Data listing:
⟨
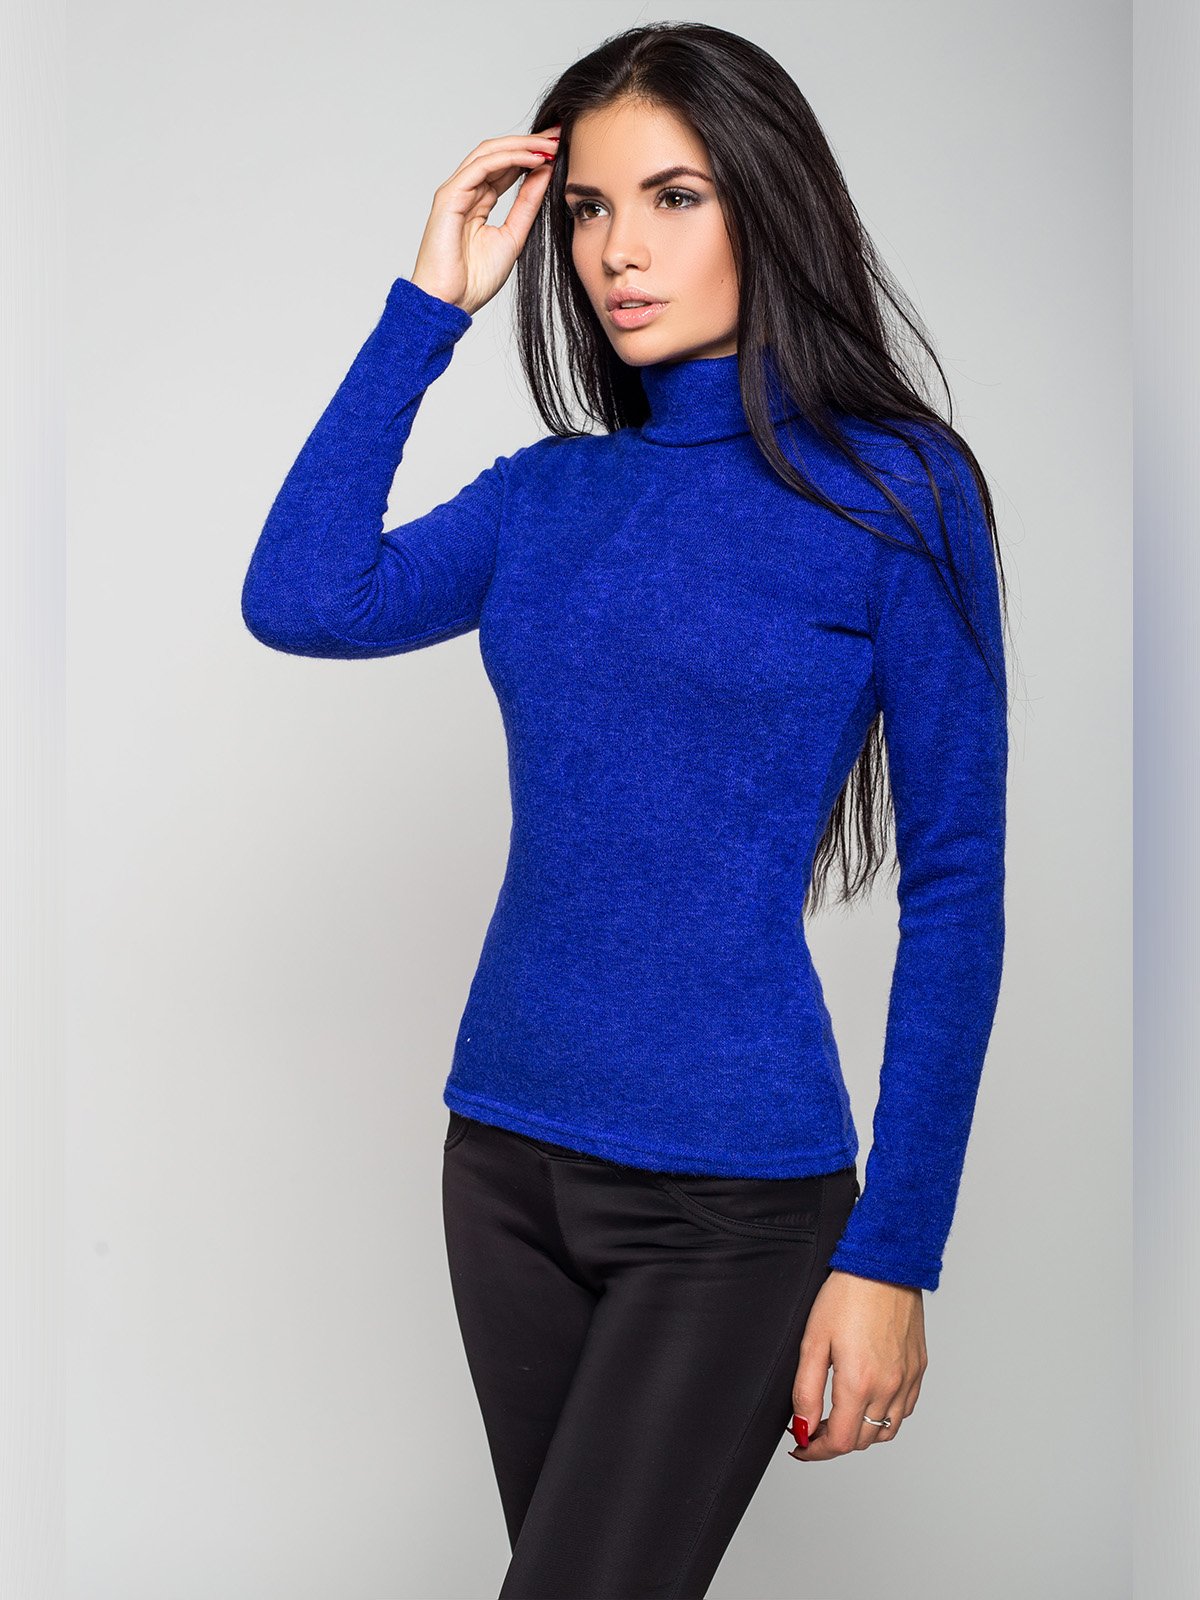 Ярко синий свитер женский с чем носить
⟩
⟨
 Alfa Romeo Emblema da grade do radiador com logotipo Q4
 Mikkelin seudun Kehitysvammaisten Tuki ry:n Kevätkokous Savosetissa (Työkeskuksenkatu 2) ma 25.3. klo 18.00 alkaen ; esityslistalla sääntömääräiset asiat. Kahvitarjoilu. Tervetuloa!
⟩
⟨
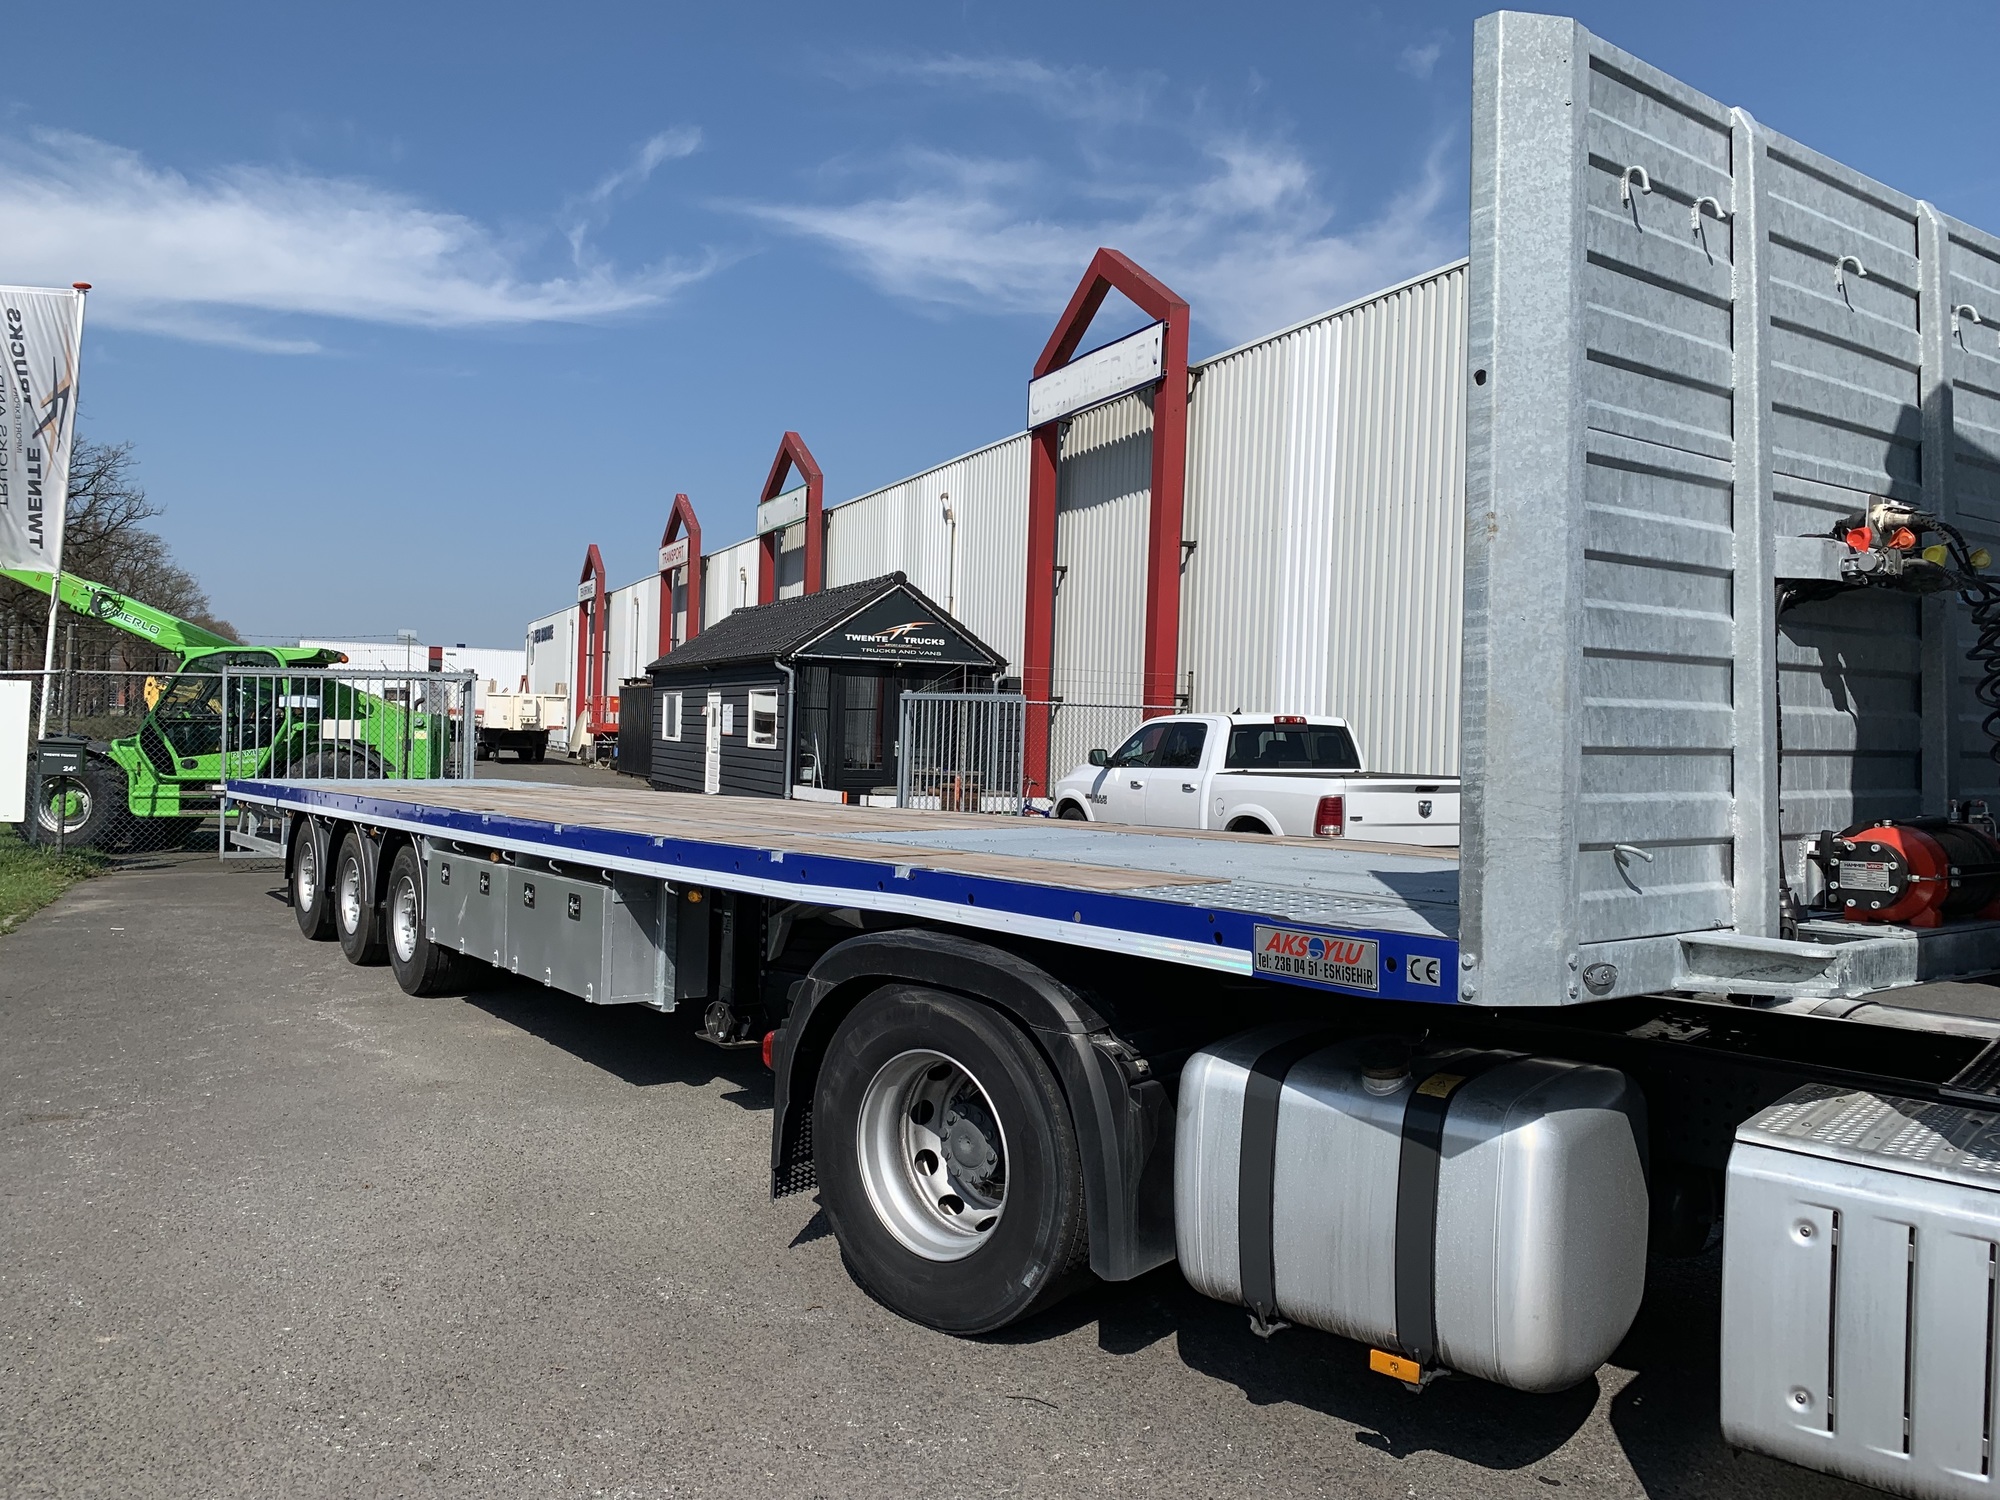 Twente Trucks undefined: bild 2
⟩
Work instruction:
Retype exactly the lines of the data above that fall between the line with "Alfa Romeo Emblema" and the line with "Mikkelin seudun Kehitysvammaisten", inclusive, and add nothing.

Task answer:
 Alfa Romeo Emblema da grade do radiador com logotipo Q4
 Mikkelin seudun Kehitysvammaisten Tuki ry:n Kevätkokous Savosetissa (Työkeskuksenkatu 2) ma 25.3. klo 18.00 alkaen ; esityslistalla sääntömääräiset asiat. Kahvitarjoilu. Tervetuloa!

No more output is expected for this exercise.